After the Second World War housing renewal had a major impact on the area. Slum clearance started in earnest and whole neighbourhoods were decanted to other parts of the city whilst the old substandard housing was demolished. In place of the back-to-backs and terraces came new estates of council housing and flats. This changed the character of the area quite dramatically and resulted in many people moving away, never to return. The disruption that many people experienced at this time also affected the sense of community and identity of the area.

In the years immediately after the Second World War, there was a desperate need for labour in Sheffield to rebuild the city and its industries. Around this time Burngreave became home to many new immigrants, arriving from the Caribbean, Pakistan and Yemen. Many found jobs in the steel industry and the hospitals in Sheffield.

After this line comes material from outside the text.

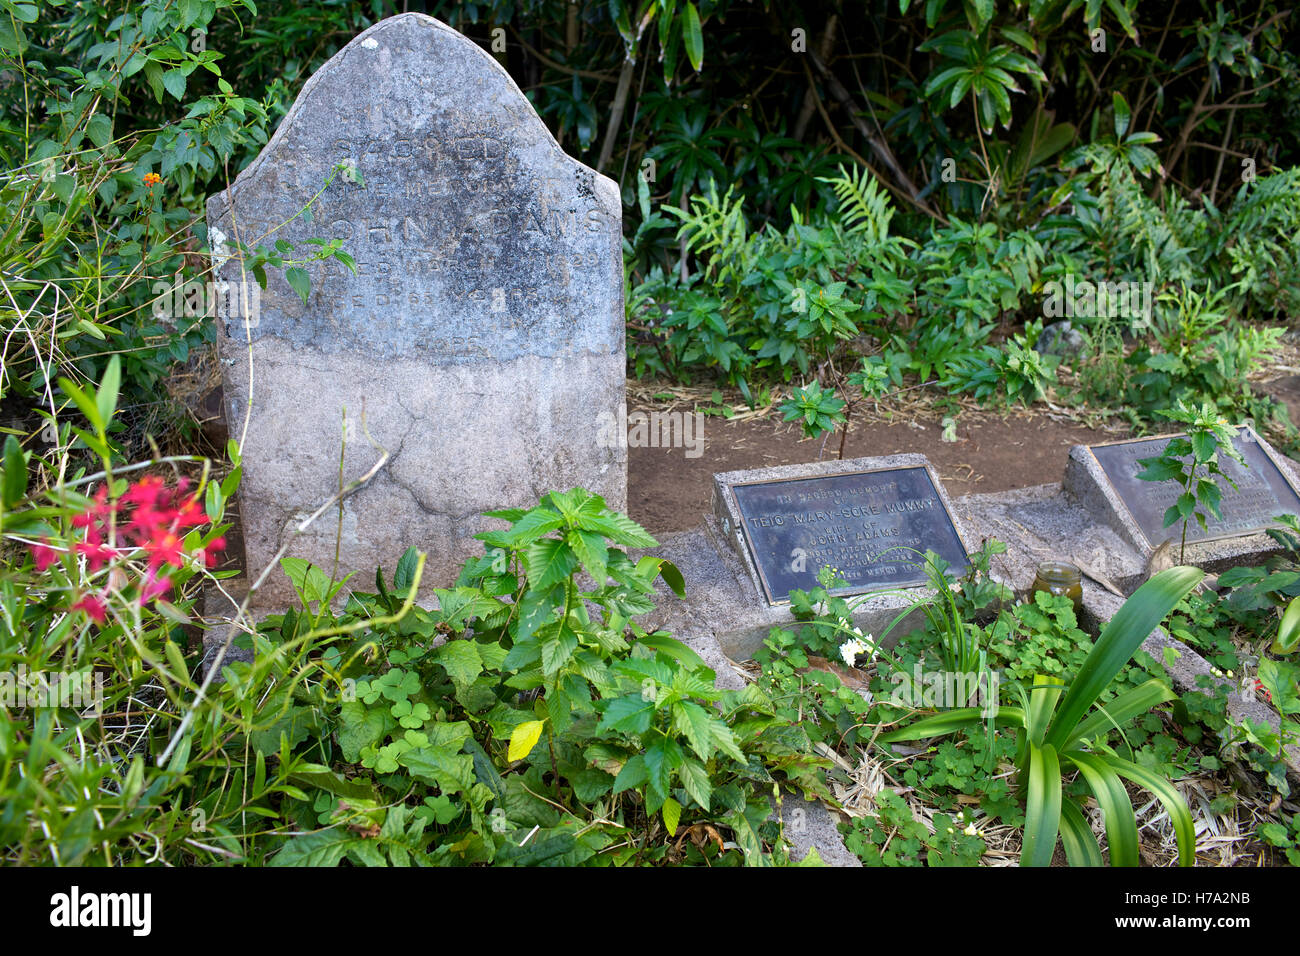 Pitcairn, Söhne von Meuterern! -01/06/2012 - Pitcairn / Pitcairn - das Grab von John Adams, einzige Überlebende nach "Kriegen" von Pitcairn - Olivier Goujon / Le Pictorium Stockfoto

Later they brought their families to join them and became part of the local community. This was the beginnings of the multicultural community that is Burngreave today. We do know, however, that Asian people had lived in the area even before this period. In Burngreave cemetery there is a grave of an Indian man killed in a colliery accident in Beighton in 1923, called Sultan Mohomed.

Since the 1990s the area has also become home to people from Chile, Somalia, Eritrea, Iraq, Sudan, and several other countries. More recently, Romani people from Slovakia have been settled there. The arrival of people from so many different backgrounds has made Burngreave one of the most ethnically diverse neighbourhoods in Sheffield. A number of different languages are spoken locally and a variety of food on offer in local restaurants and shops.

The industrial decline of the 1980s and 90s in South Yorkshire has taken its toll on Burngreave. High levels of unemployment resulted in poverty once again and a general decline in the appearance of the area. However Burngreave is now experiencing a change in fortune. This has partly resulted from the determination of local residents to stop the spiral of decay and bring about changes. In addition a huge government funded regeneration programme, Burngreave New Deal for Communities, was initiated to bring prosperity back to the area, with improvements to houses and green spaces locally. New shops have opened recently to serve the needs of different ethnic communities. In late 2011, a Tesco Extra opened on Saville Street, a couple of hundred yards from Spital Hill, the traditional shopping hotspot of the area.

In 2013 and 2014 there was unrest between Slovak Roma and Yemeni residents in the Page Hall area.

==Transport==
Bus routes 1, 2, 88 (all provided by Stagecoach), 1a, 20, 97 and 98 (all provided by First) link Burngreave to Sheffield City Centre.